Jamie forced himself to look where Derek was pointing, and sure enough, there it was. A solid wall of trees just past the spot where the driveway to the mansion began. With the collapsed bridge at their backs and the impenetrable trees in front, they had no choice but to approach the creepy house stuck in among the trees. There was nowhere else to go.
“Still need that drink?” Derek asked. He sounded like he already knew the answer.
“More than ever,” Jamie sighed.
He flipped down the visor and lit the light on the little vanity mirror positioned there. After giving his hair a once-over and even leaning close to check for eye boogers, he finally flipped the visor out of the way and stated flatly, “Drive on. I’m ready.”
Derek grinned. “You don’t look ready.”
“Oh hush,” Jamie answered, laying his hand on Derek’s thigh for strength, or maybe just because he liked putting it there.
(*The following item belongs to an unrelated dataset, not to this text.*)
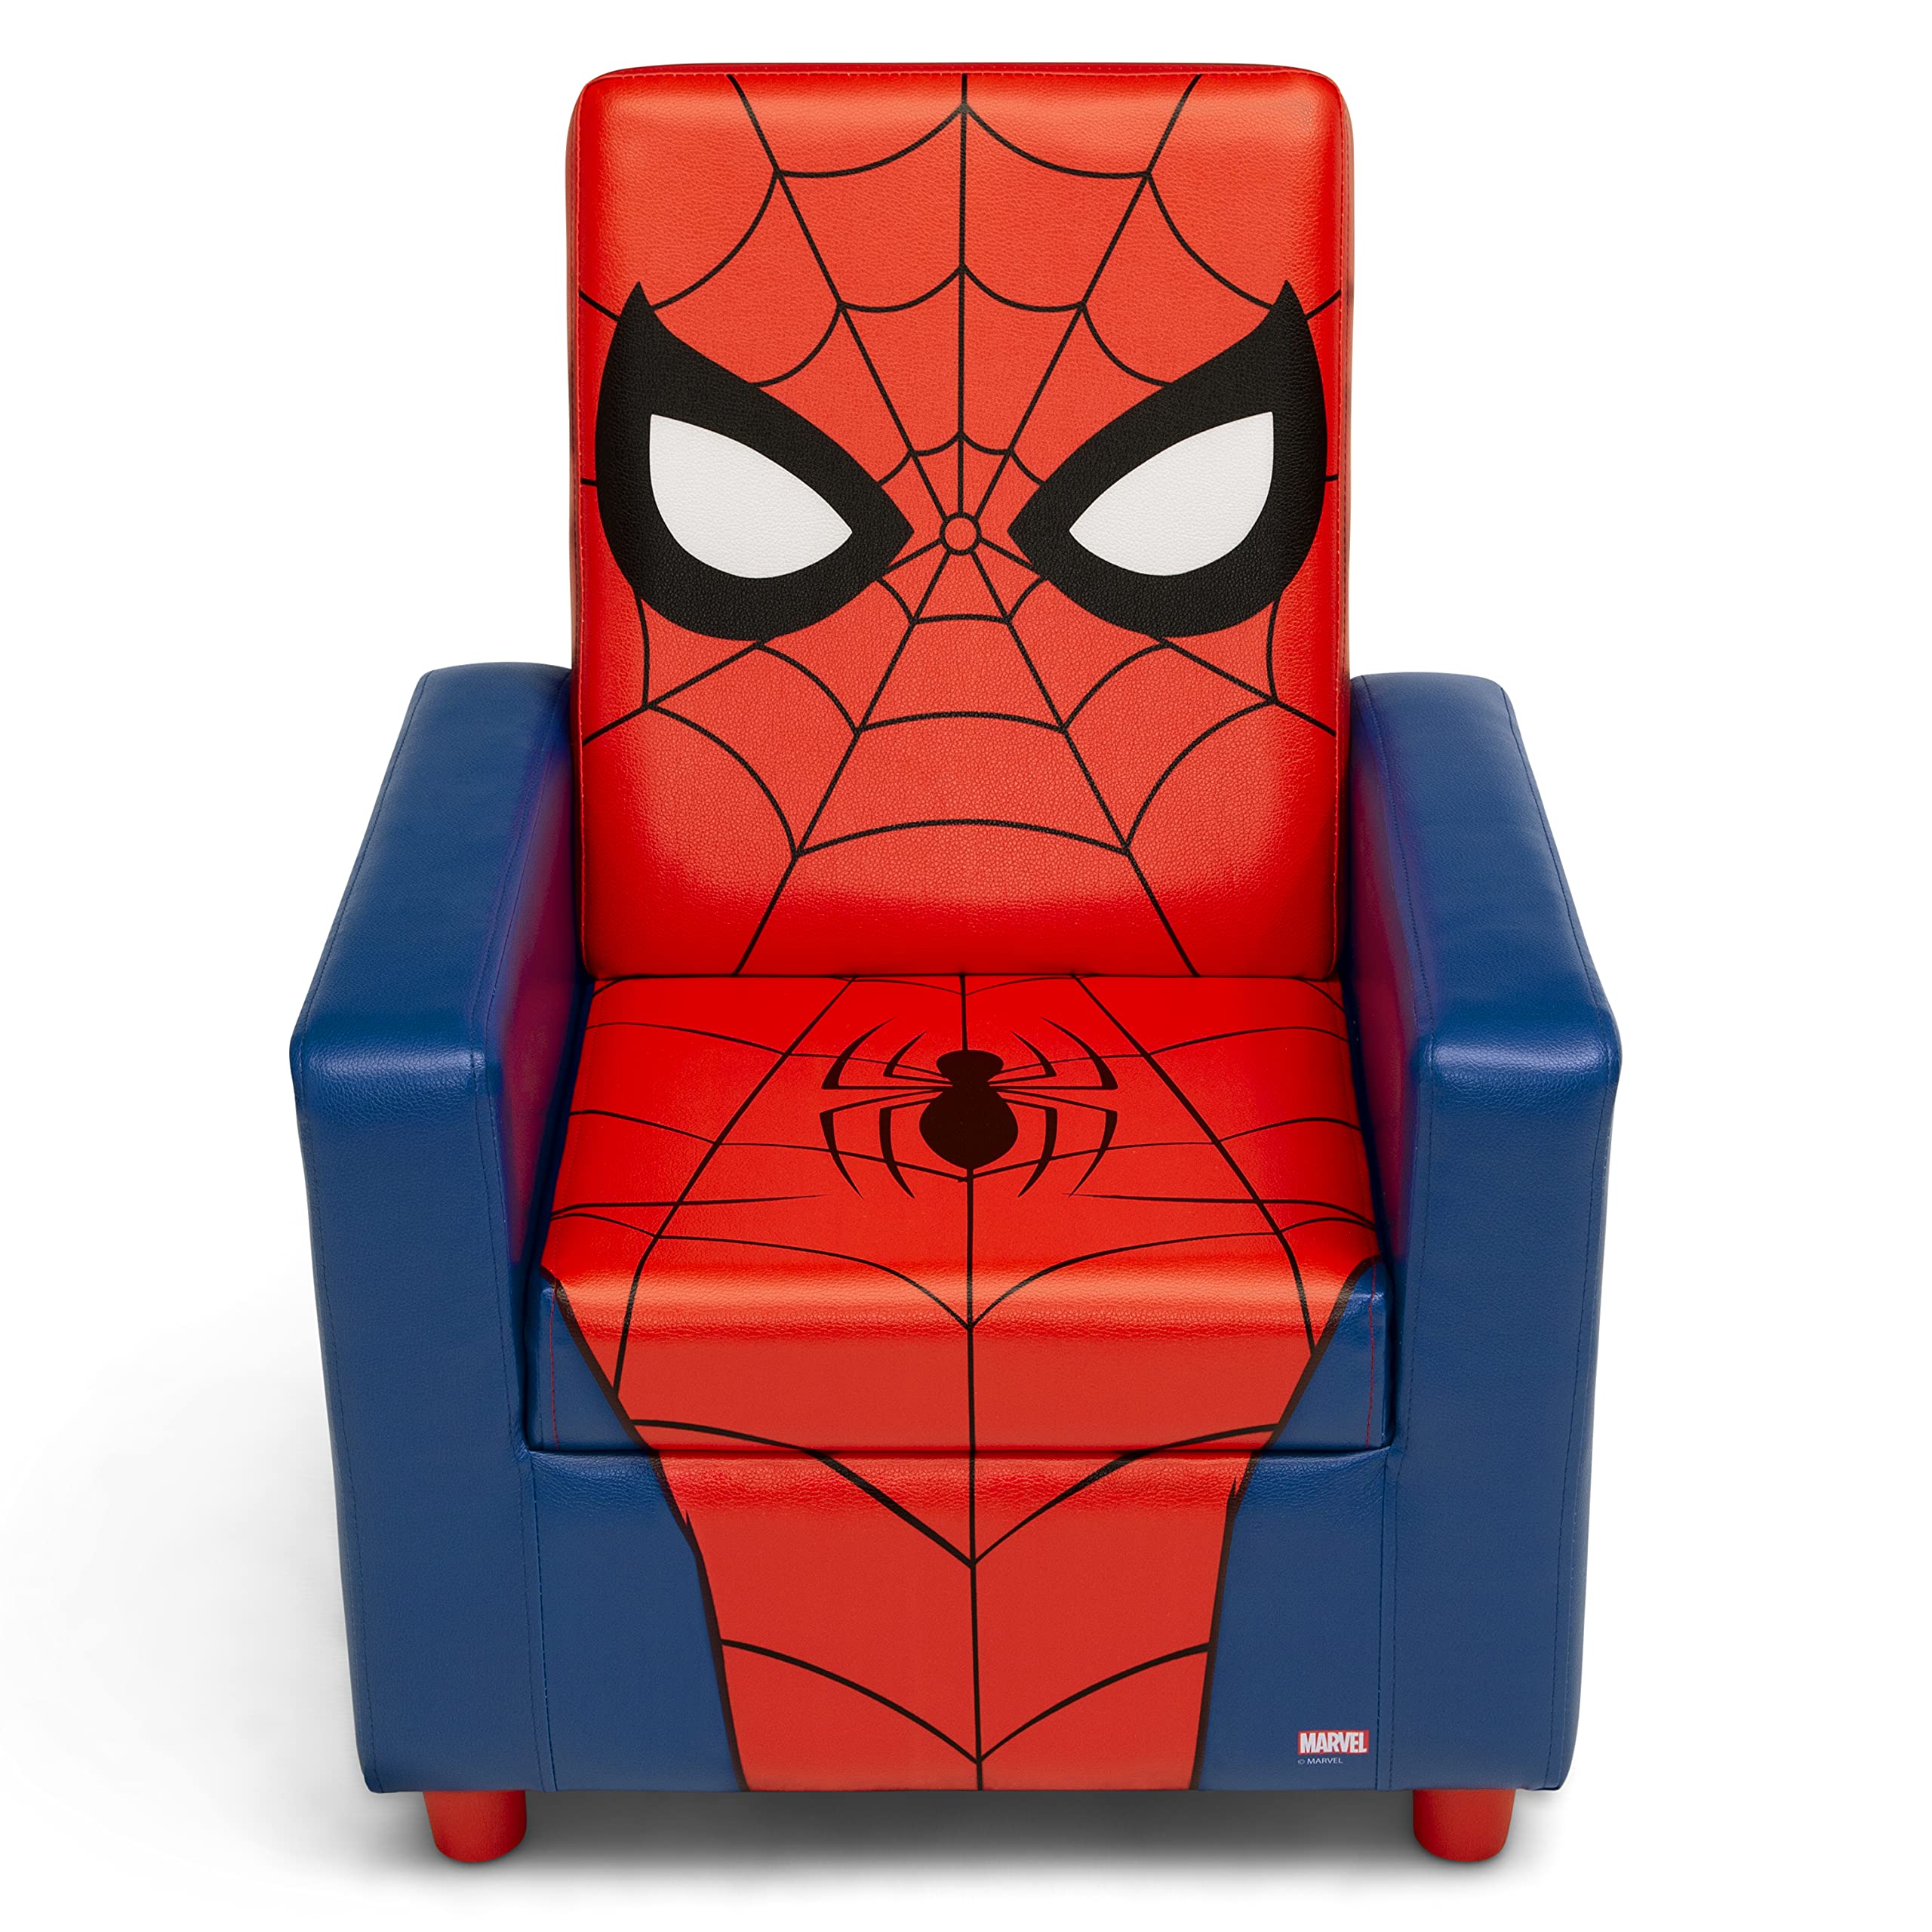 Delta Children's High Back Upholstered Wood Chair (Spider-Man or Batman) $68.97 + Free Shipping

“You da boss,” Derek crooned, and a moment later they sloshed through the final mudhole and made the turn.
Except for the wailing of the storm, silence descended on the interior of the car while they both craned forward, staring at the old house looming up in front of them—drawing closer and closer and closer….
IT WAS an ancient three-story mansion. Desperate to flee the storm, they quickly parked, hurled themselves from the car, and ran for the front porch, vaulting over puddles with their heads hunkered under their coats. A sudden sizzle of lightning and boom of thunder gave them wings, and they fairly flew for shelter, dragging each other forward, half laughing, half screaming in terror.